Now it is MR, and it is also about Yarn, and it is already in the basic entry stage. Zero foundation is a thing of the past.
Starting tomorrow-a collection of about 20 MapReduce codes
One: MapReduce architecture based on Yarn
The 1.MR code program is based on the implementation of Mapper and Reducer, in which Mapper divides a computing task into many.

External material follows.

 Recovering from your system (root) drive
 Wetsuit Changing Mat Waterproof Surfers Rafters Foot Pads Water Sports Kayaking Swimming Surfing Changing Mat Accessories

Small tasks for parallel computing, Reducer is the final statistical work
2.Hadoop 2.x started running on Yarn.
Yarn manages all the resources of the cluster (such as memory and CPU), ResourceManager, each node is arranged with a JVM process, NodeManager, receive requests to use Container to wrap these resources, when RM receives a job request
3. When ResourceManager receives the request submitted by Client, it will order NodeManager to start the first Container of the program on the node where the NodeManager is located according to the status of the cluster resources. The Container is the ApplicationMaster of the program, which is responsible for the execution process of the task scheduling of the program. ApplicationManager registers itself with ResourceManager, and then applies for specific Container computing resources from ReourceManager after registration.
4. How many Container is needed for ApplicationMaster in a program?
When Application starts, it will run the program's Main method, in which there will be data input and related configuration, from which you can know how much Container is needed.
(container is a unit of computer resources. According to the calculation requested by the client, the cluster parses the computing job, and the calculation result contains the required contain resources.)
Application needs to run the Main method to know how many shards the analyzer has and how many shards correspond to Container, and then consider other resources, such as Shuffle, and allocate some more resources.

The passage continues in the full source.